### Task to carry out:
A word-for-word reproduction of the data below is needed, with no pictures in it.

### Exercise data:
= Beginning of Section =

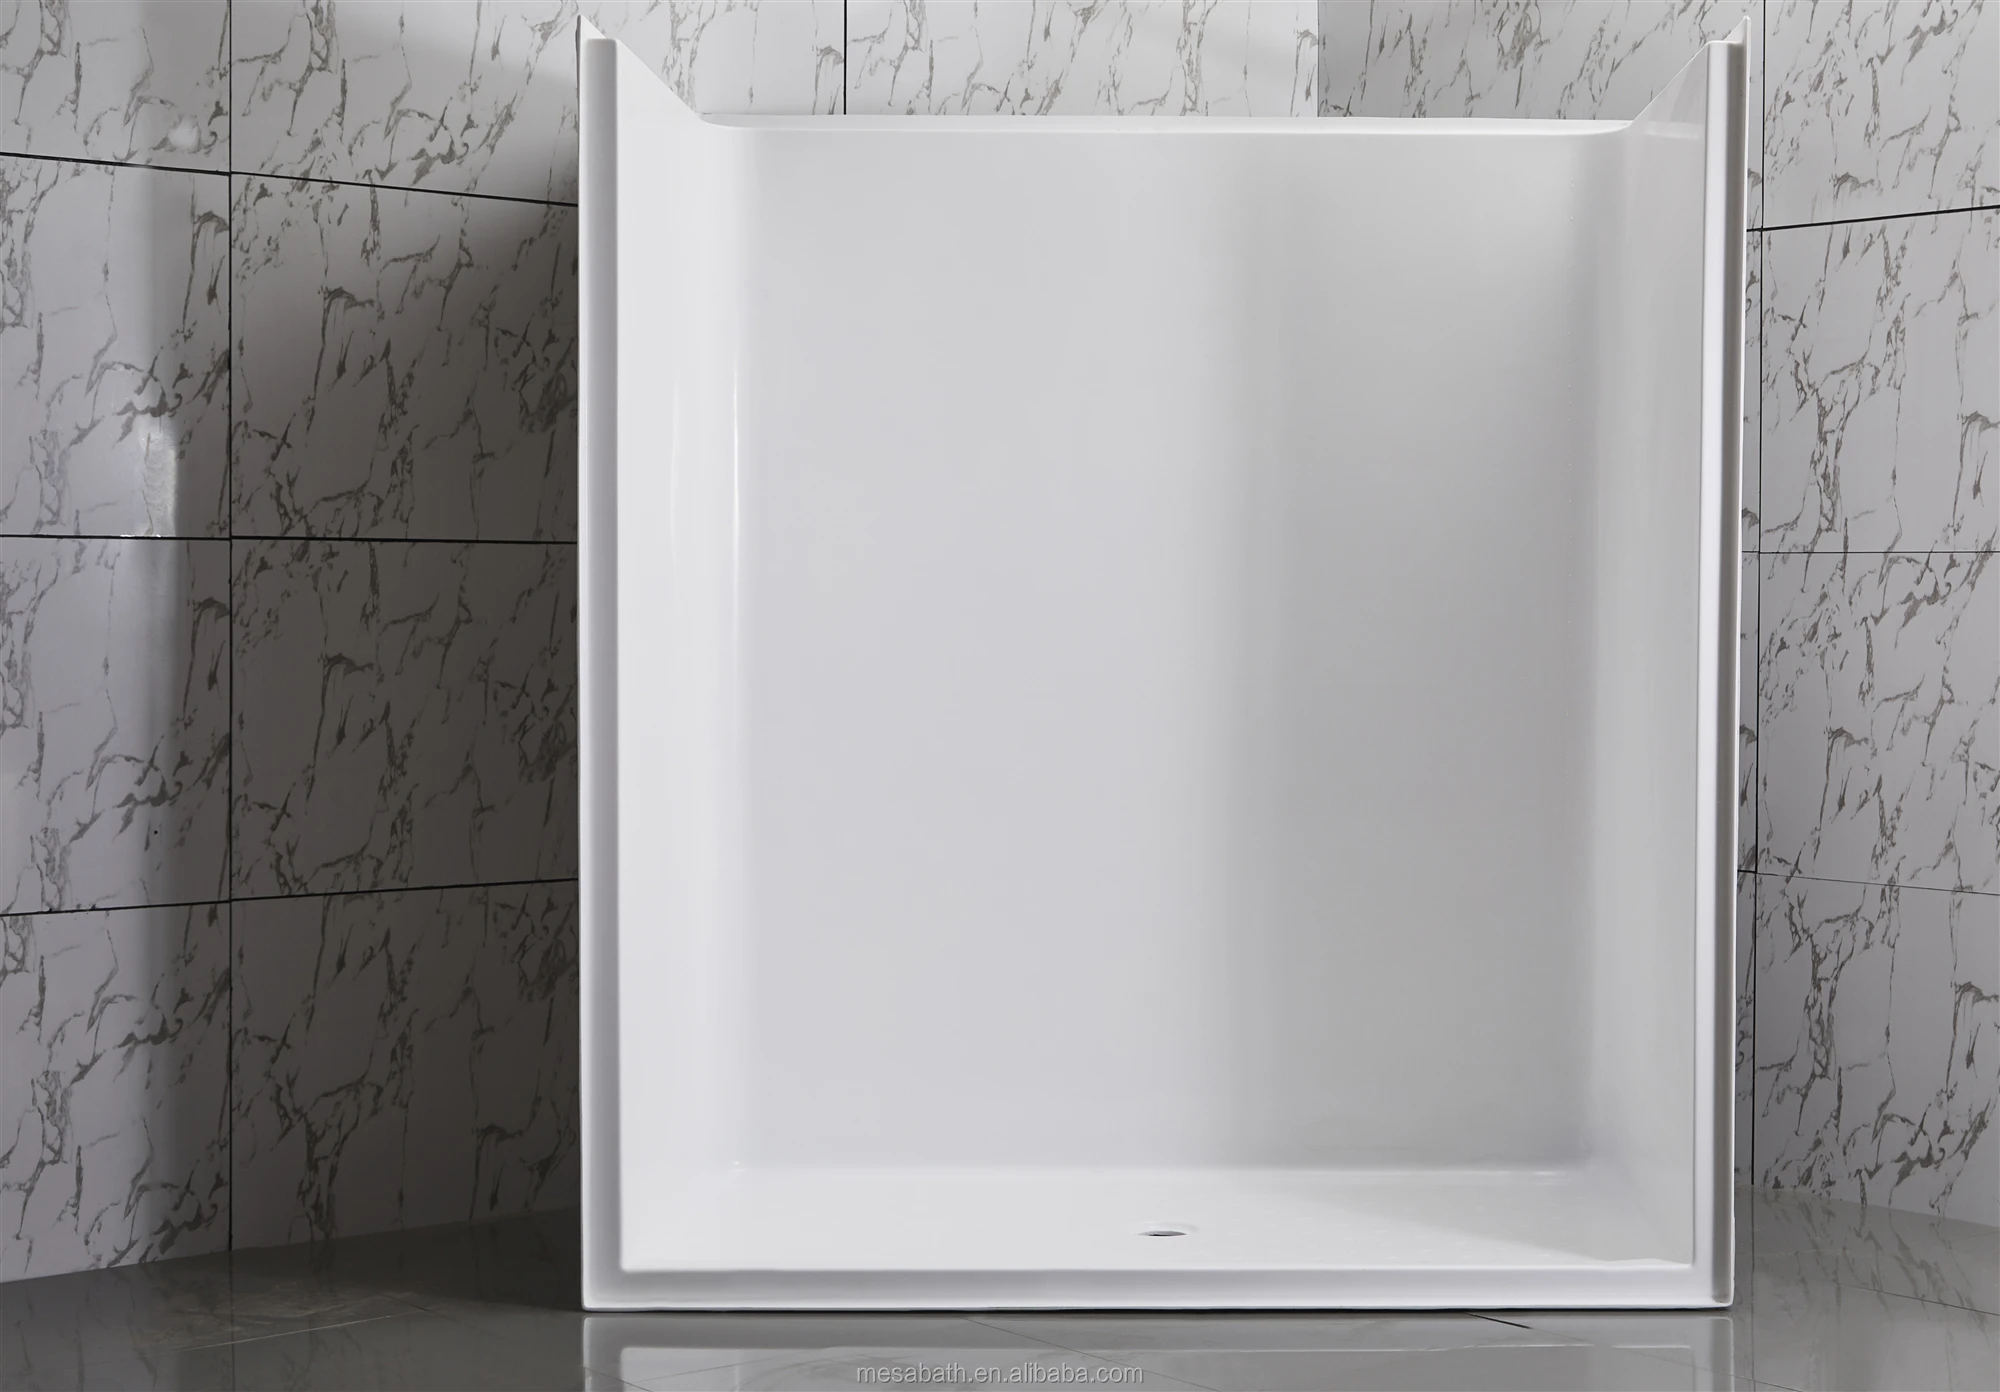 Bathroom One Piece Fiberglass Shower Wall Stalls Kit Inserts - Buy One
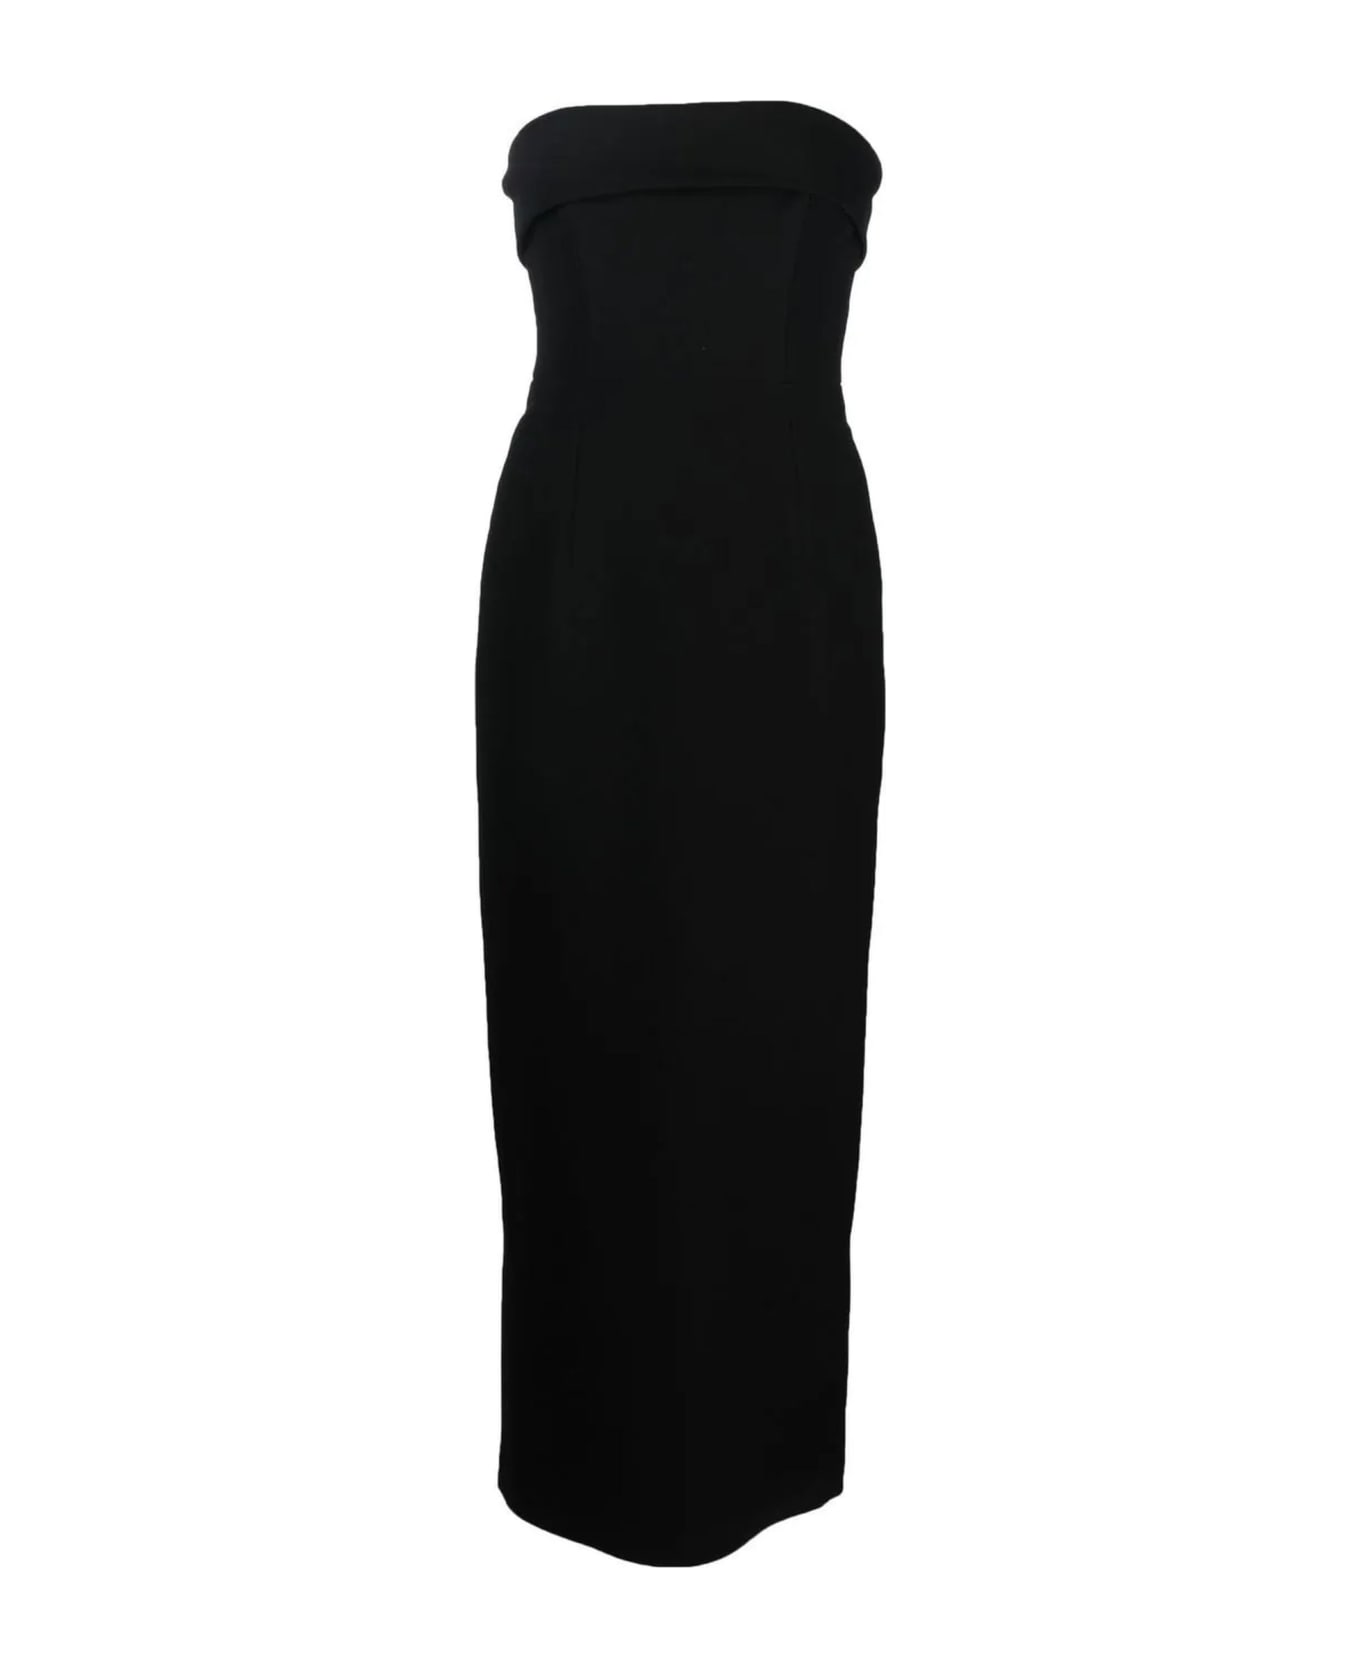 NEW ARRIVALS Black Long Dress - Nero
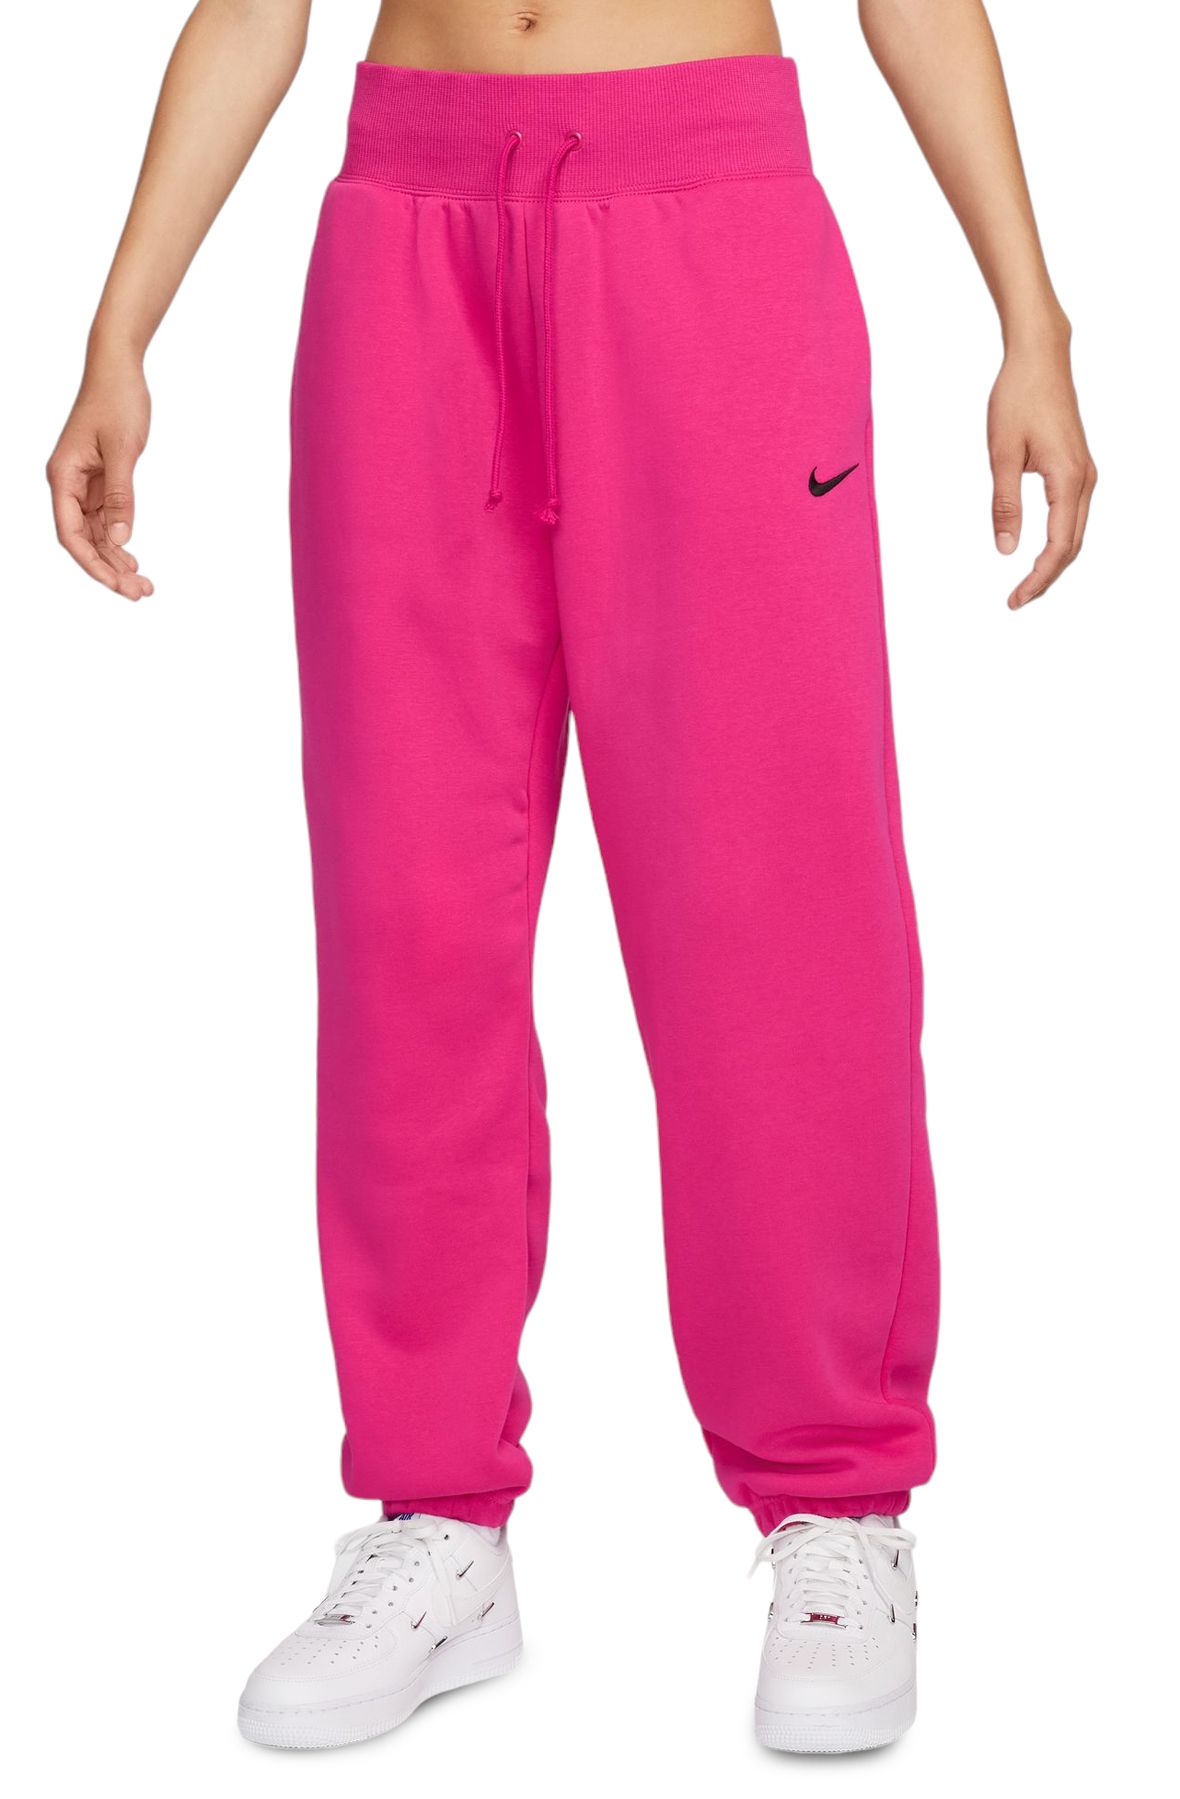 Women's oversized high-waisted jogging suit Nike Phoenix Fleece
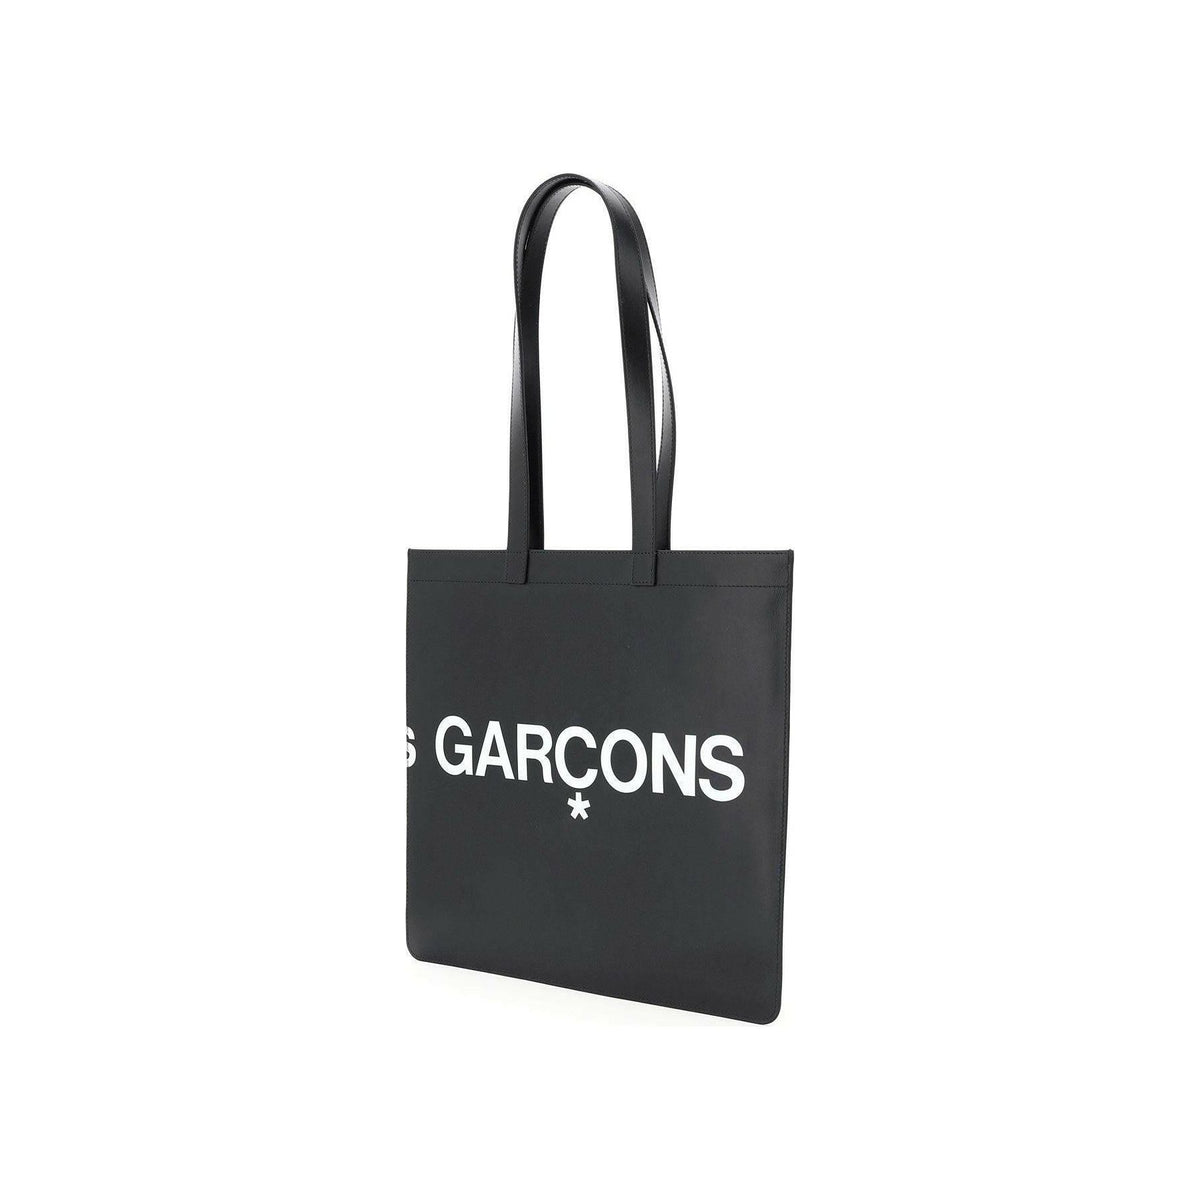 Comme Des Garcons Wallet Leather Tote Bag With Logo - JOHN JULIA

= End of Section =

### Response:
 Bathroom One Piece Fiberglass Shower Wall Stalls Kit Inserts - Buy One
 NEW ARRIVALS Black Long Dress - Nero
 Women's oversized high-waisted jogging suit Nike Phoenix Fleece
 Comme Des Garcons Wallet Leather Tote Bag With Logo - JOHN JULIA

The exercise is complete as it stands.